5       A citada tese, como já dito, não abarca todas as formas de recusa patronal, como a reiteradamente praticada pelo Sindicato das Entidades Mantenedoras de Estabelecimentos de Educação Superior do Estado de Goiás (Semesg), há 7 (sete) anos, participando, de todas as reuniões de “negociação”, sem, no entanto, negociar, de forma objetiva e leal; razão pela qual há 7 (sete) anos, ininterruptamente, os/as professores/as de ensino superior, em Goiás, estão sem convenção coletiva e reajuste salarial.
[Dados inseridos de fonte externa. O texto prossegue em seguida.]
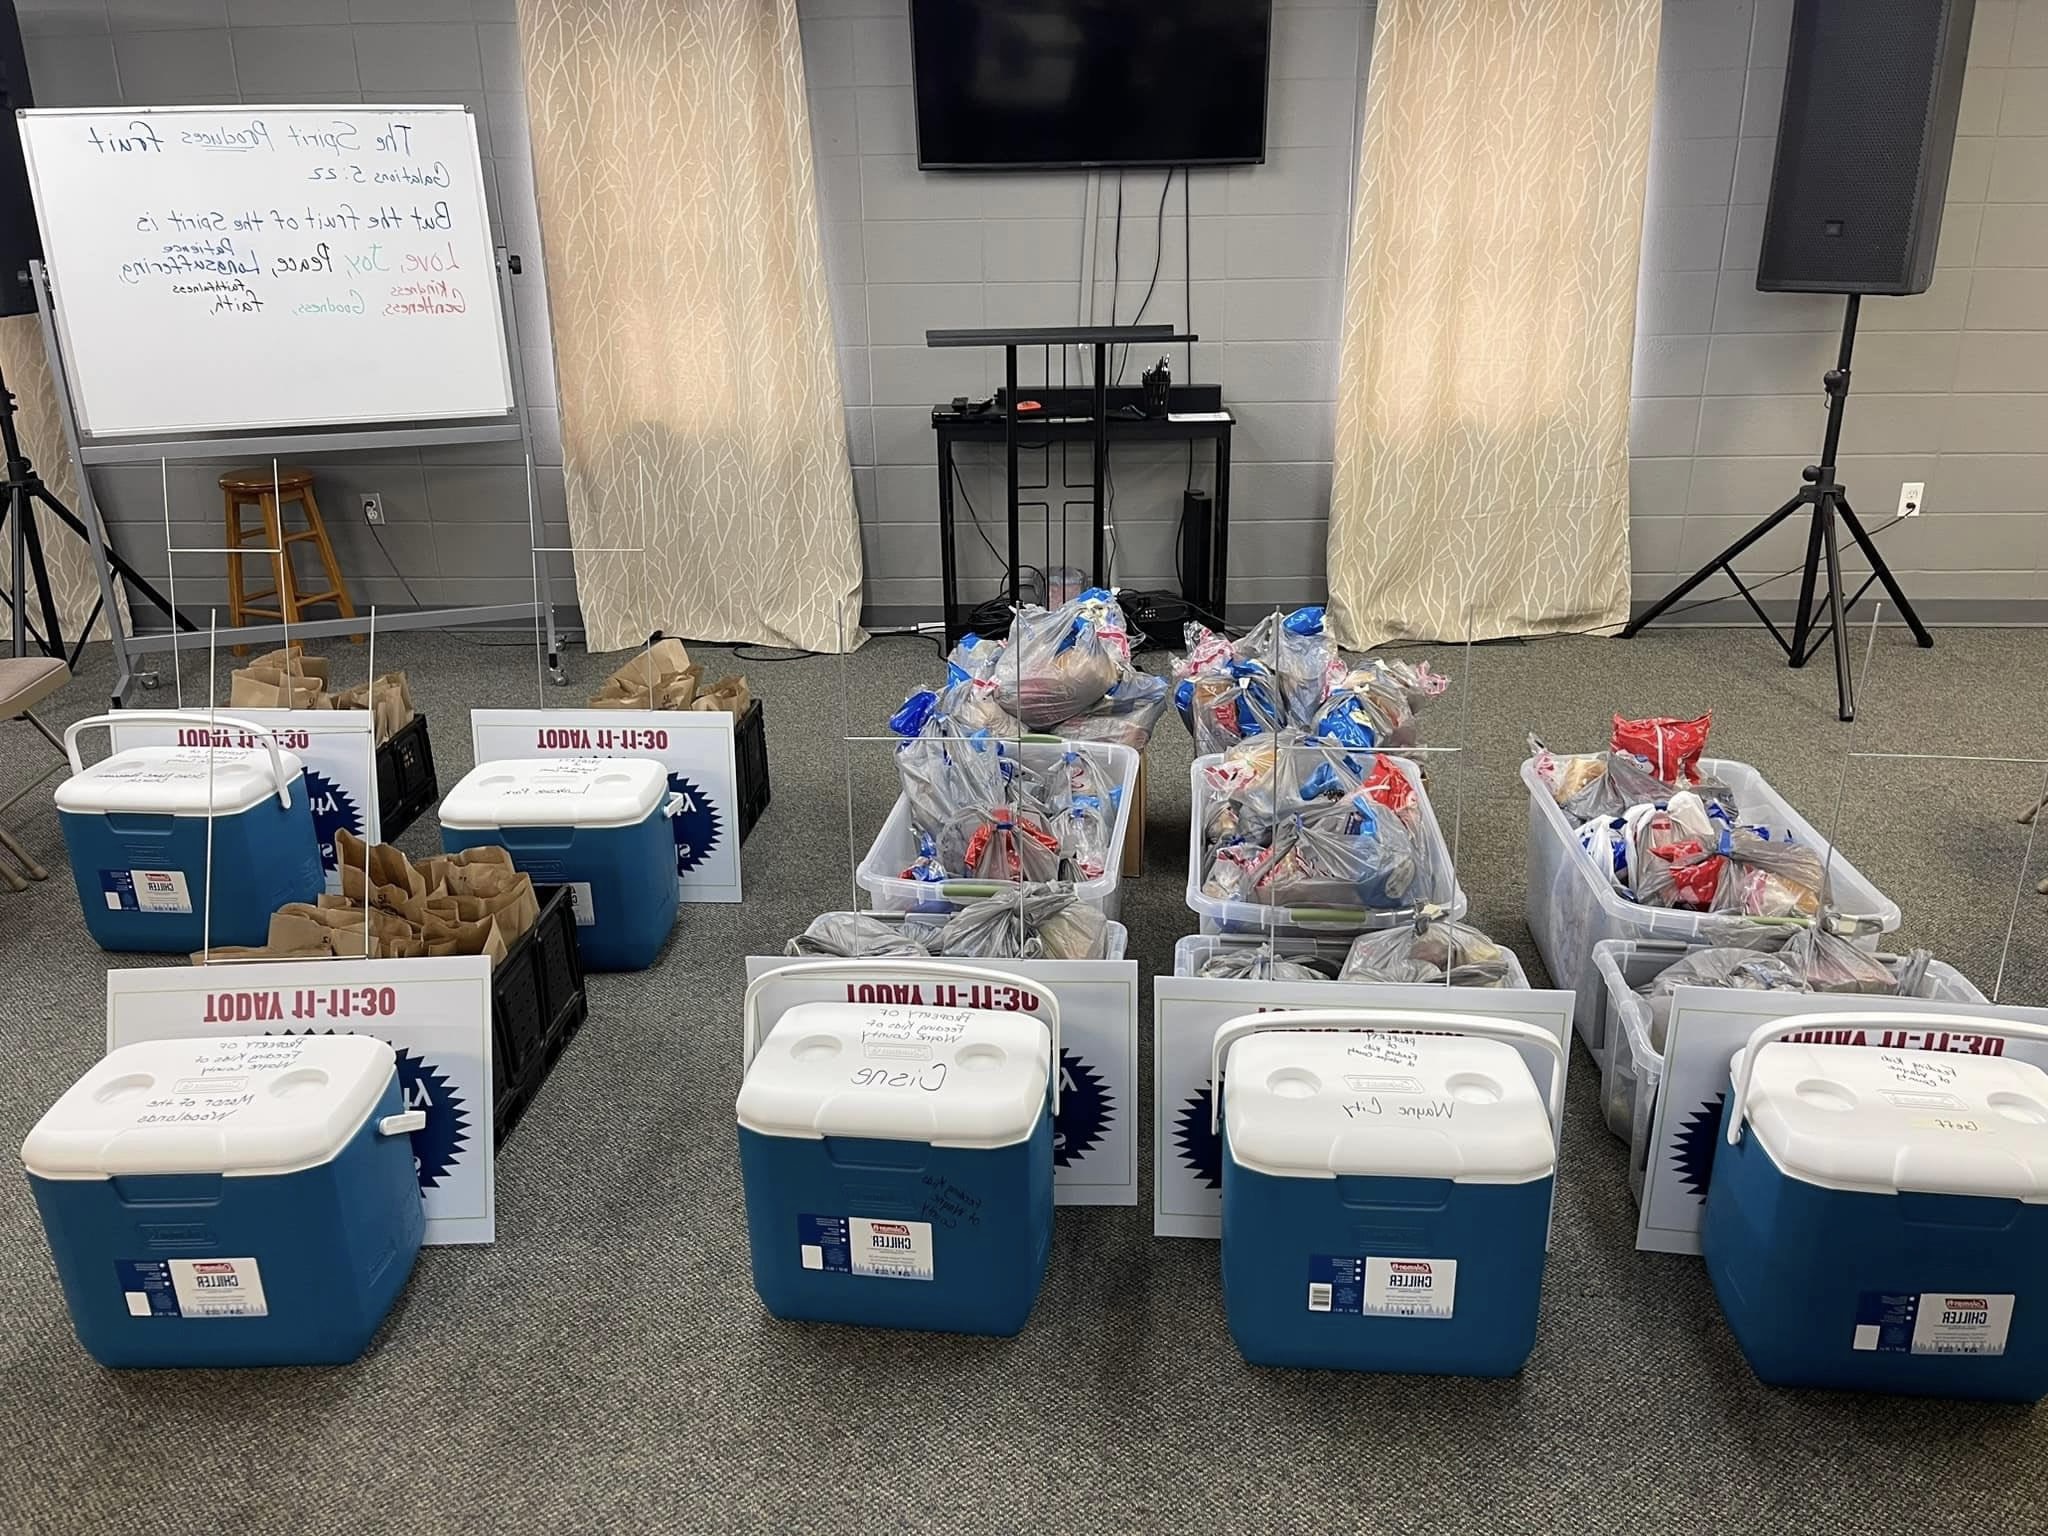 Feeding Kids of Wayne County Serves 60 On First Day of Program

6       Com a finalidade de provocar o TST a ampliar a tese acima, considerando também prática dessa natureza como bastante para suprir a exigência de comum acordo, a Contee – em peça magistral, elaborada pelo amigo e colega Rodrigo Valente, que divide comigo a representação no processo – opôs embargos de declaração, pedindo exatamente isso.

7       Ou seja, pediu que ao TST que julgue procedente os embargos e confira efeito integrativo à destacada Tese, incluindo como recusa patronal em negociar, com lealdade e boa-fé objetiva, práticas como a do Semesg. Confira a petição da Contee em seu inteiro teor.
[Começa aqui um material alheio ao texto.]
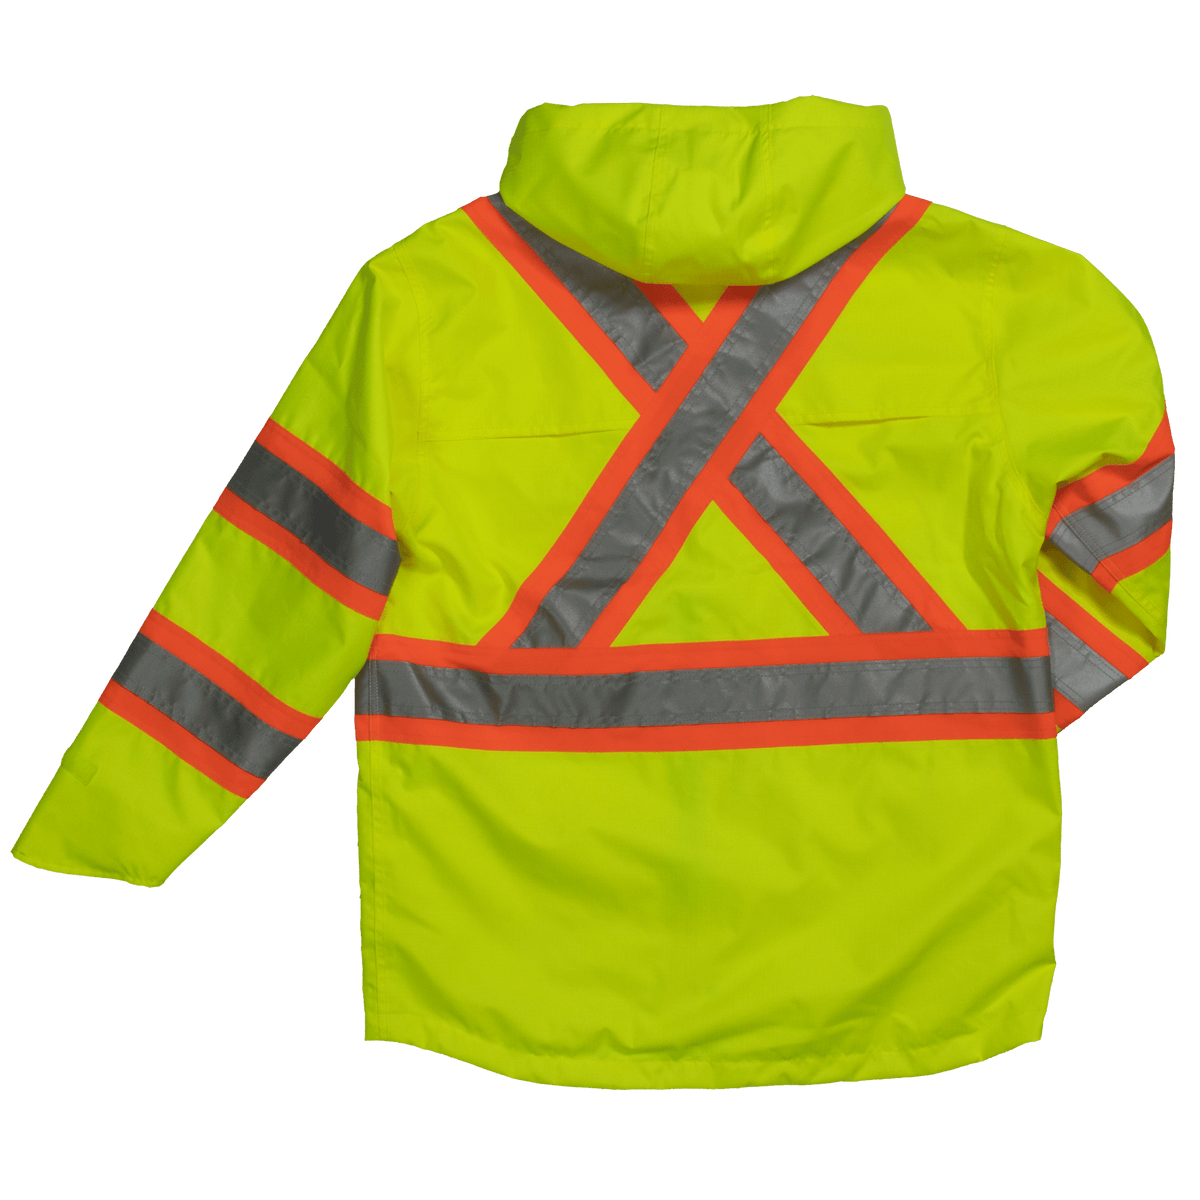 Tough Duck C3 Hi-Vis Waterproof Snap-Front Safety Rain Jacket - Work World - Workwear, Work Boots, Safety Gear

8       Em linha diametralmente oposta à Contee, a Confederação Nacional da Indústria (CNI) – igualmente admitida como amicus curiae -, também opôs embargos, com a clara intenção de levar a discussão do tema ao STF, que tem, sistematicamente, declarado inconstitucional a esmagadora maioria das decisões emanadas do TST. Tomara que, nesse IRDR, o STF dê razão ao TST!.

9       Para entender o que, efetivamente, está em discussão, traz-se, aqui, um pouco da história do dissídio coletivo de natureza econômica.
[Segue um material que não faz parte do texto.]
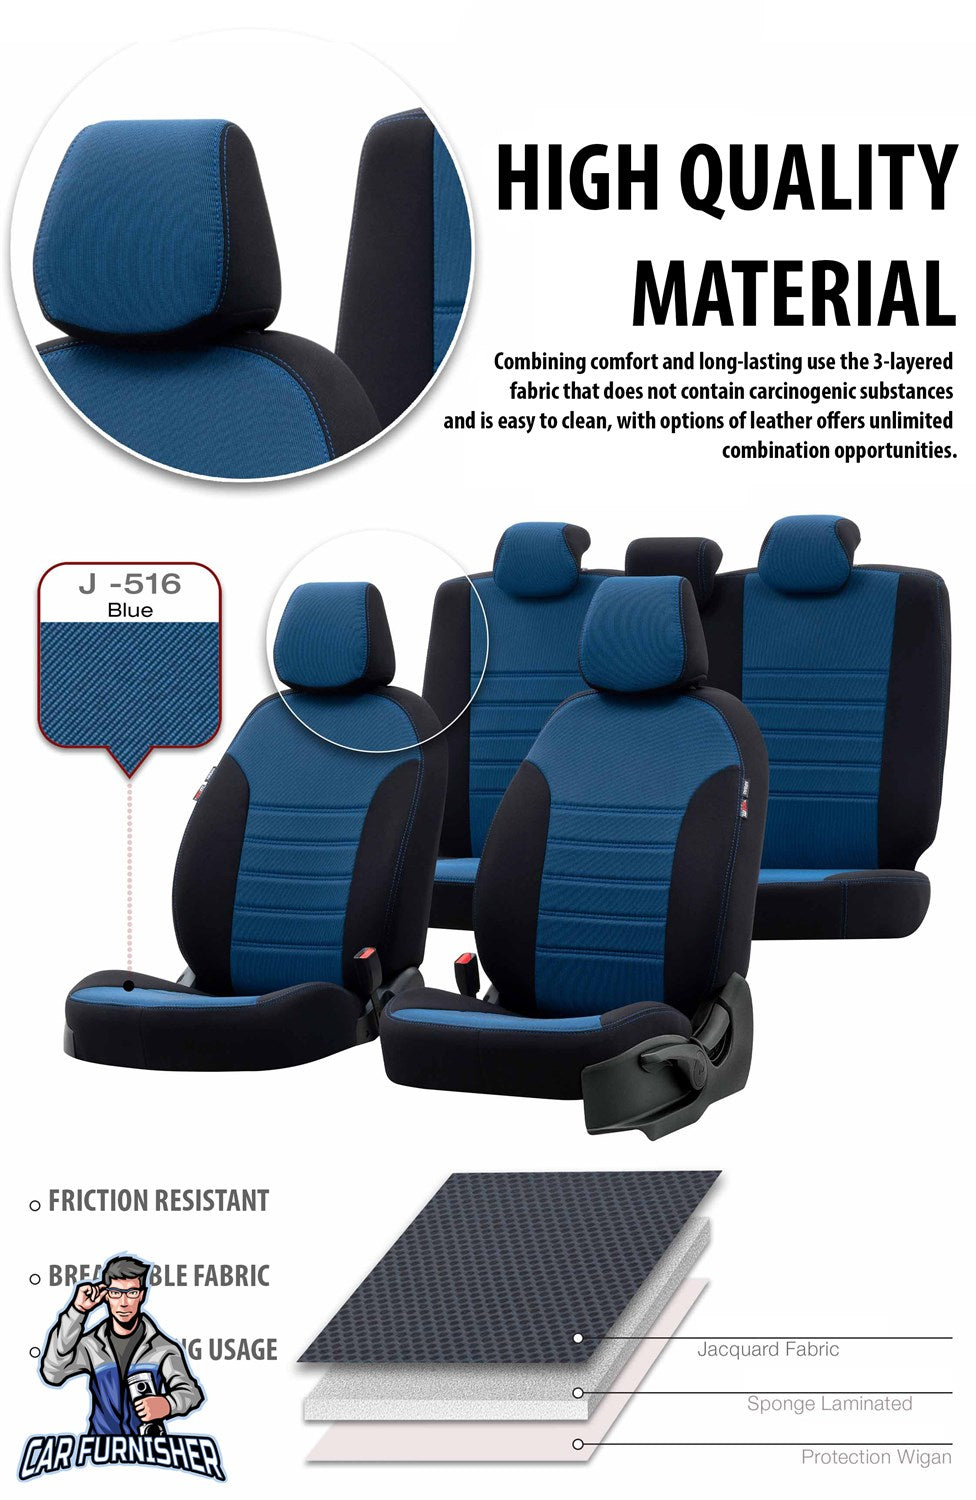 Dfm Succe Seat Covers Original Jacquard Design Dark Beige Jacquard Fabric

10     Até o advento da Emenda Constitucional (EC) N. 45/2004, o ajuizamento do dissídio coletivo era autorizado, a partir do  momento em que ficasse demonstrada a dificuldade de se renovar a CCT ou o ACT; podendo ser ajuizado por sindicato laboral e patronal; sendo que, em muitos casos, a iniciativa era da entidade patronal.

11     Nesse período, o dissídio coletivo cumpria relevante função social, pois que, no mínimo, garantia a reposição da inflação e mais 4% de aumento, que o TST chamava de produtividade. Importa dizer: nenhuma categoria, que recorresse ao dissídio, ficava sem reposição da inflação e mais aumento de 4%. O que, em verdade, representava instrumento social de distribuição de renda.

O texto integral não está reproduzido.